Morocco is one of the world's largest sardine producers

Serious Eats reports that some of the finest tinned sardines and fish come from the Iberian Peninsula. Those producers may win in quality, but in quantity they lose to their Southern neighbor Morocco.

Why are canned sardines so small? ›

Tiddlier tiddlers: Sardines are up to two-thirds SMALLER now than they were 12 years ago as warming waters caused by climate change kill the plankton they feed on.

Do sardines cause high cholesterol? ›

The best in terms of lowering cholesterol are tuna, salmon, and swordfish. Sardines and halibut are good options, too.

Does sardines spike blood sugar? ›

A high intake of fatty fish like salmon and sardines has been shown to help improve blood sugar regulation.

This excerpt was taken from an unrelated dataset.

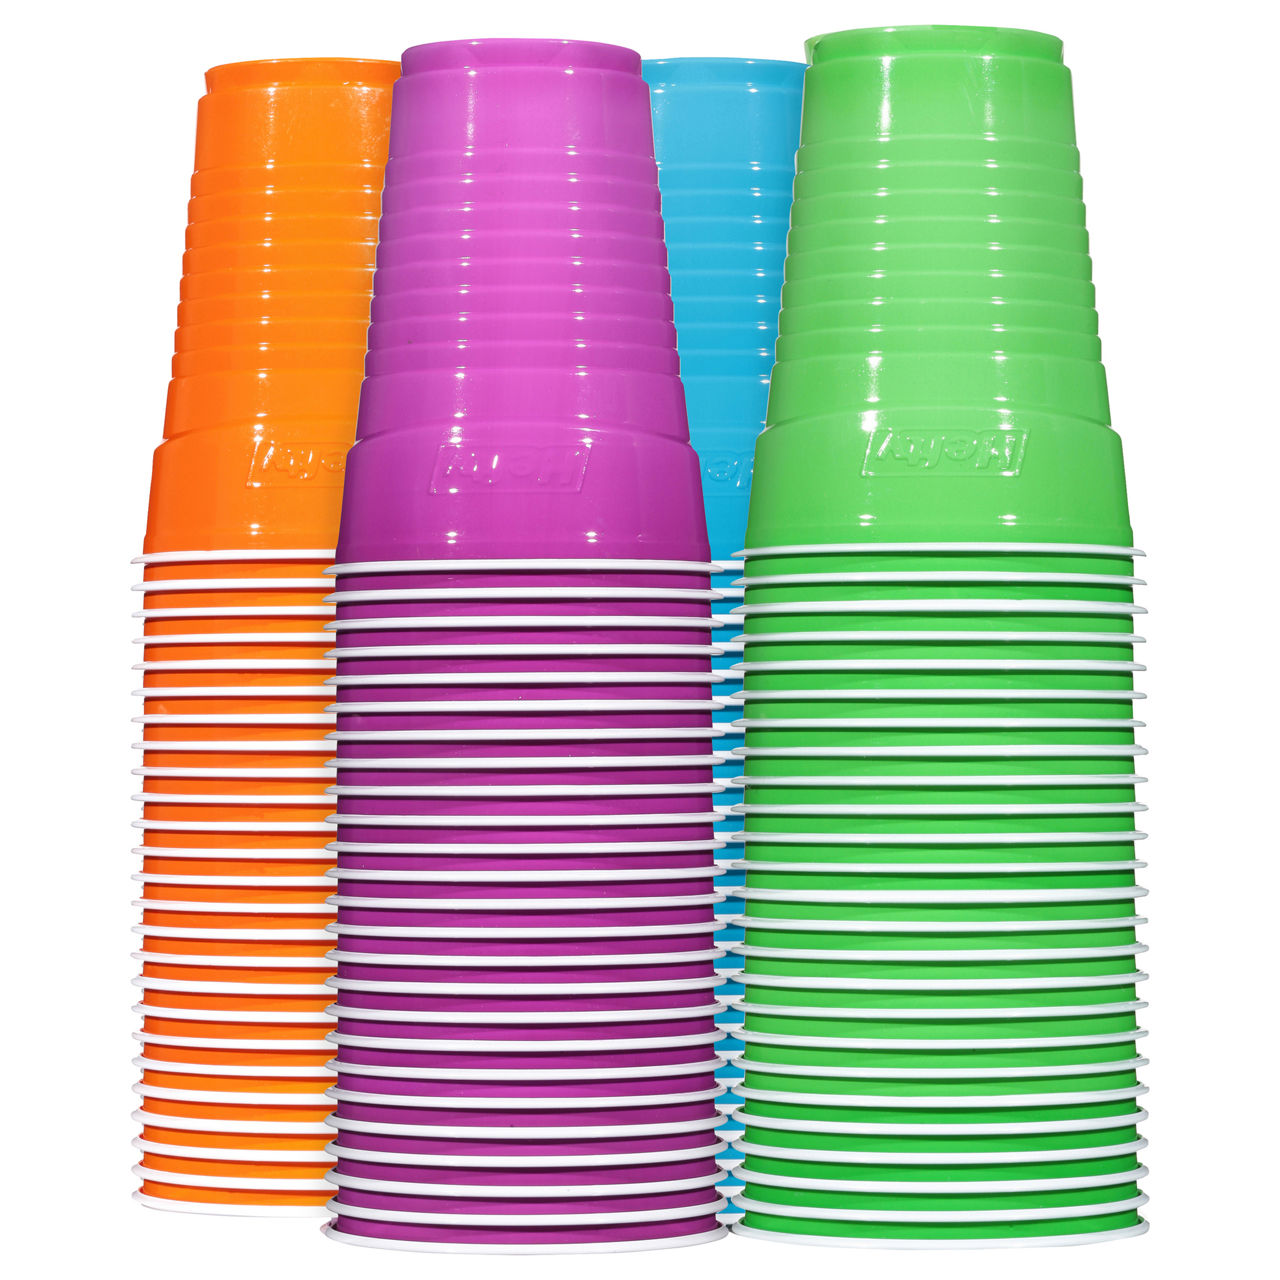 Hefty Plastic Cups Reviews 2024

Do sardines raise good cholesterol? ›

Making certain lifestyle changes, such as eating specific types of fatty fish like sardines, increases your level of HDL, lowers the amount of cholesterol in your blood vessels and decreases your risk for heart disease.

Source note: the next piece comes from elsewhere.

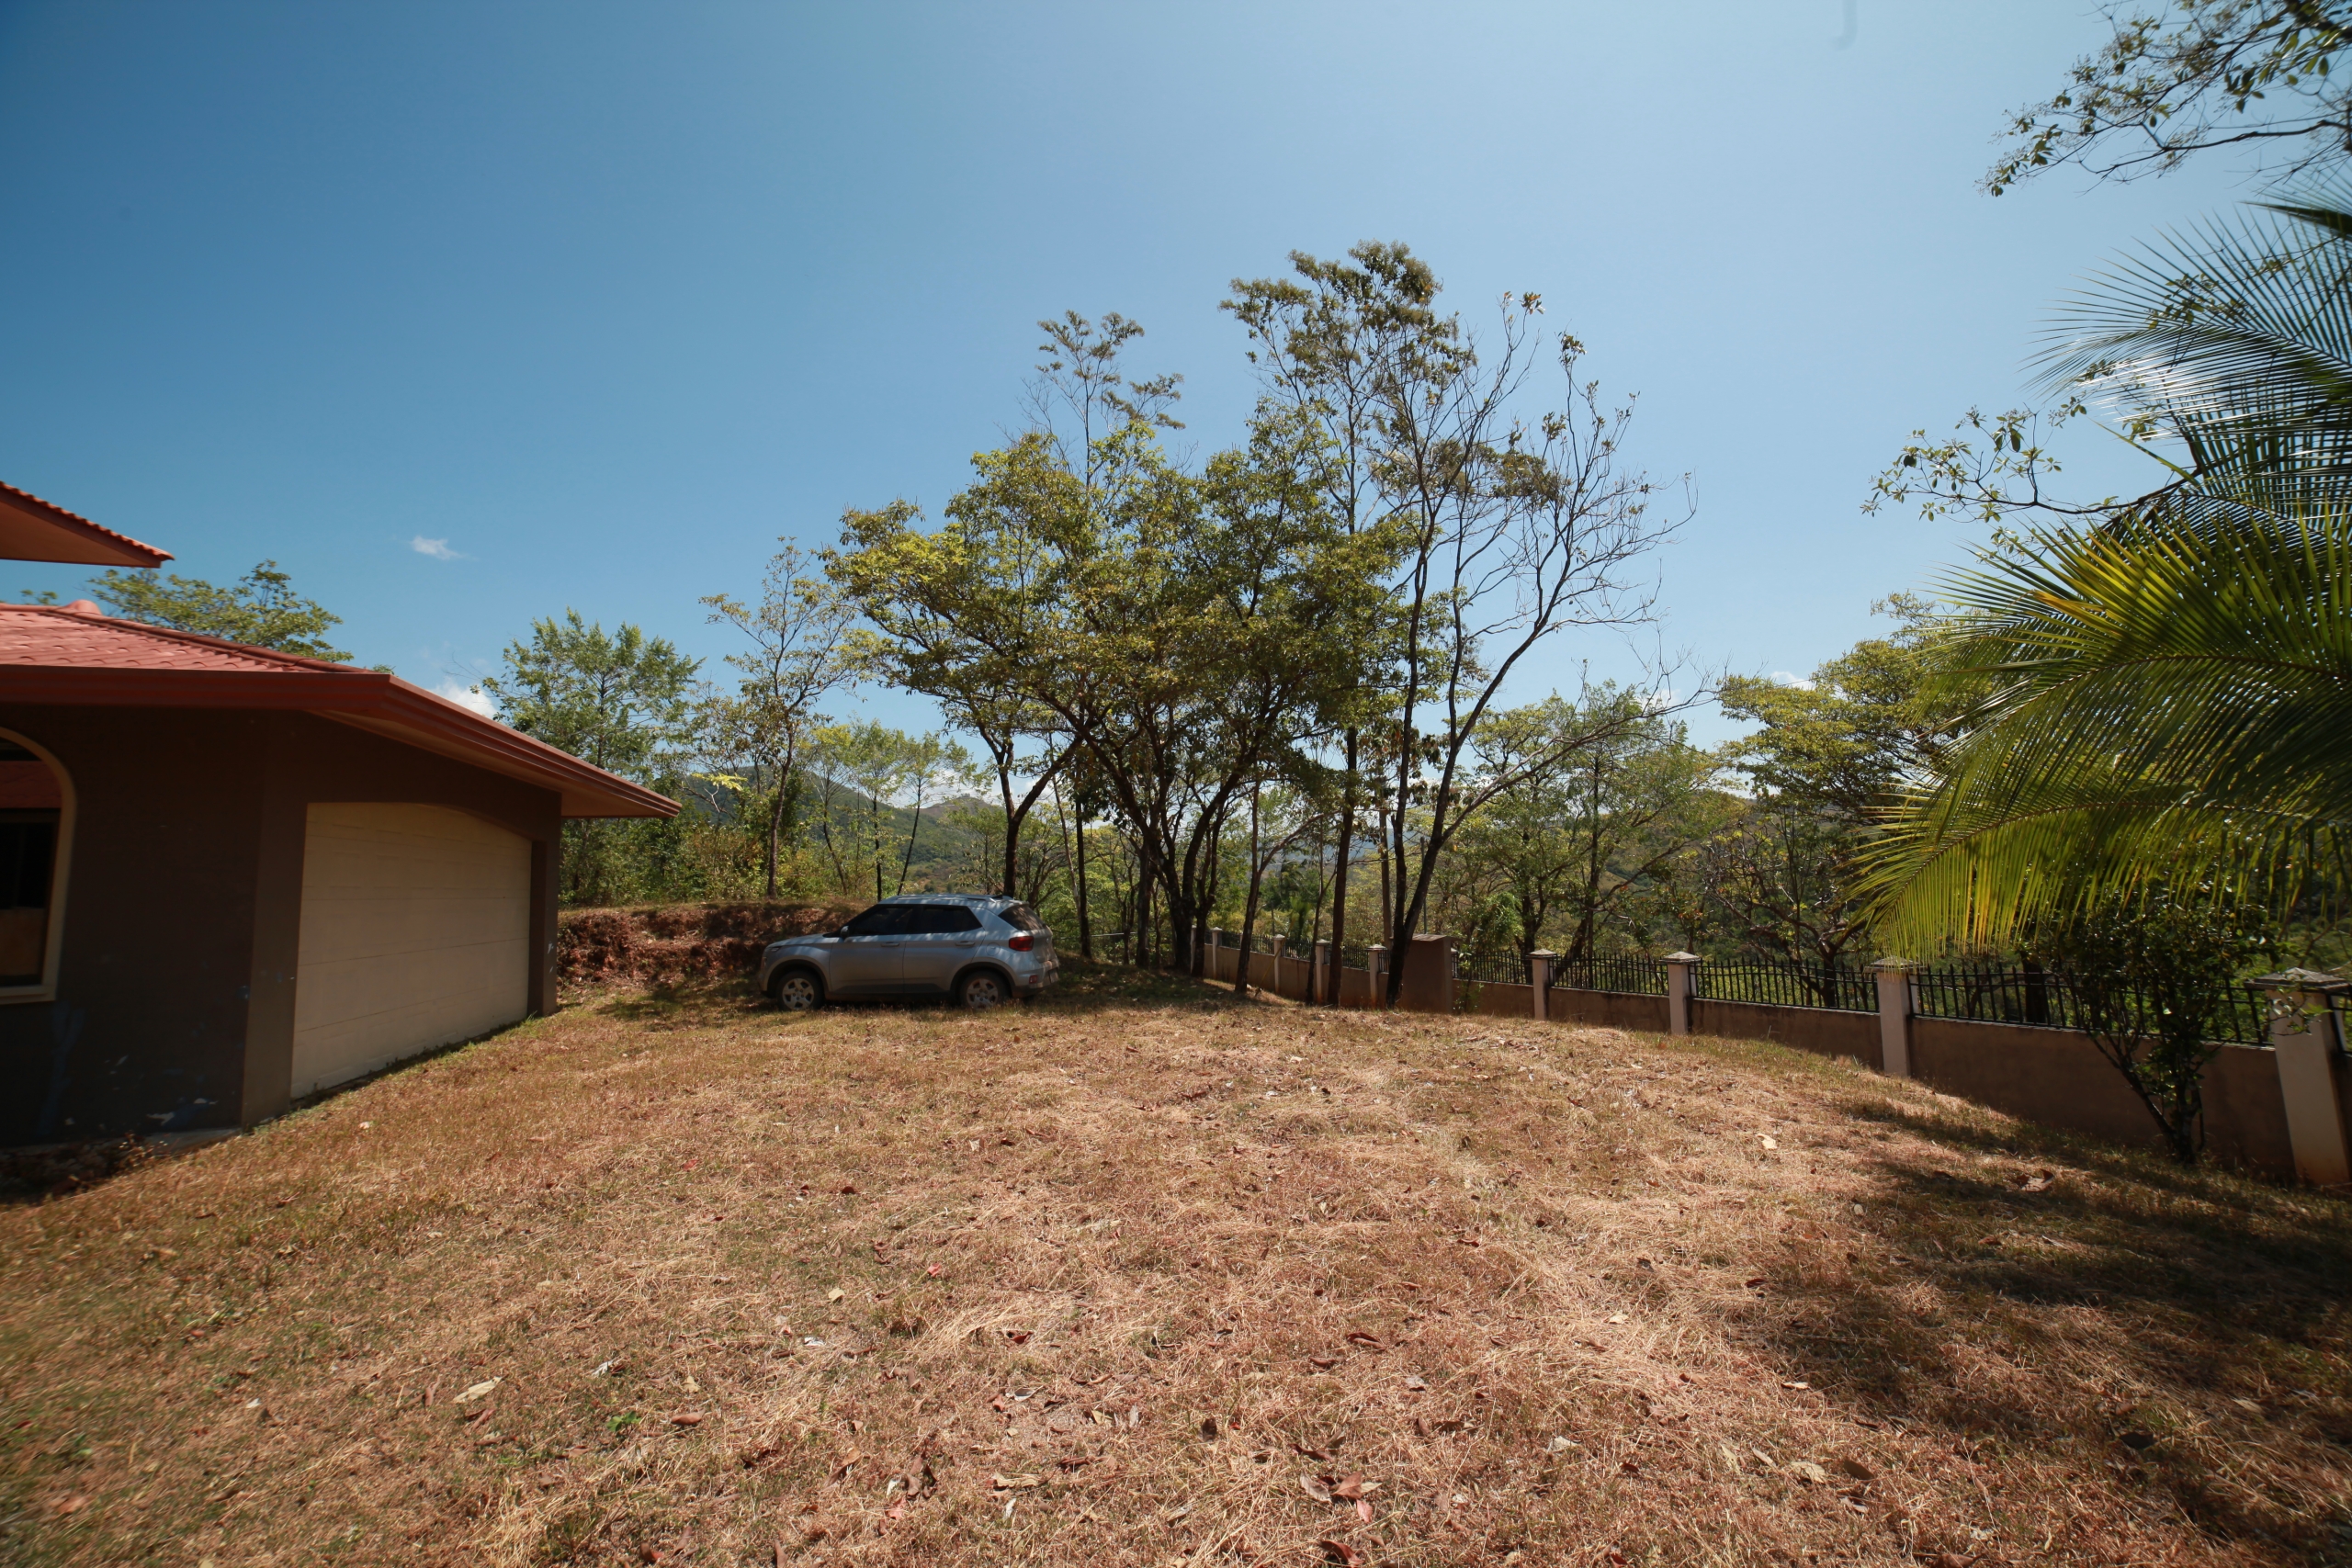 ocean view mountain home for sale in Mariato veraguas Panama real estate

Are sardines healthier than salmon? ›

Summary. Sardine is richer in Vitamin D, Calcium, Iron, and Phosphorus, while salmon is significantly richer in Vitamin B6. Sardine also contains considerably less cholesterol and sodium, while salmon has less calories because it contains more water and less fats.

Are sardines good for your heart? ›

Sardines & Salmon

The reason is simple: they contain omega-3 fatty acids, which lower the risk of blood clots, reduce the incidence of irregular heartbeats (arrhythmias), and cut down on the amount of fat (or triglycerides) in your blood.

What are the benefits of sardines for skin? ›

Lastly, sardines are packed with phosphorus, protein, vitamin D, and omega-3 fatty acids, all of which play important roles in keeping your skin hydrated and glowing, according to Simpson.

Can you get sick from sardines? ›

Common fish that may cause scombroid poisoning include tuna, sardines, mahi mahi, and anchovies. Symptoms of food poisoning from fish can be treated, but it's important to see your doctor if you have symptoms, including nausea, vomiting, diarrhea, dizziness or numbness.

Are sardines high in mercury? ›

I love sardines. They're good for cardiovascular health, joints, skin, memory, and energy levels. But also, they're sustainable and low in mercury.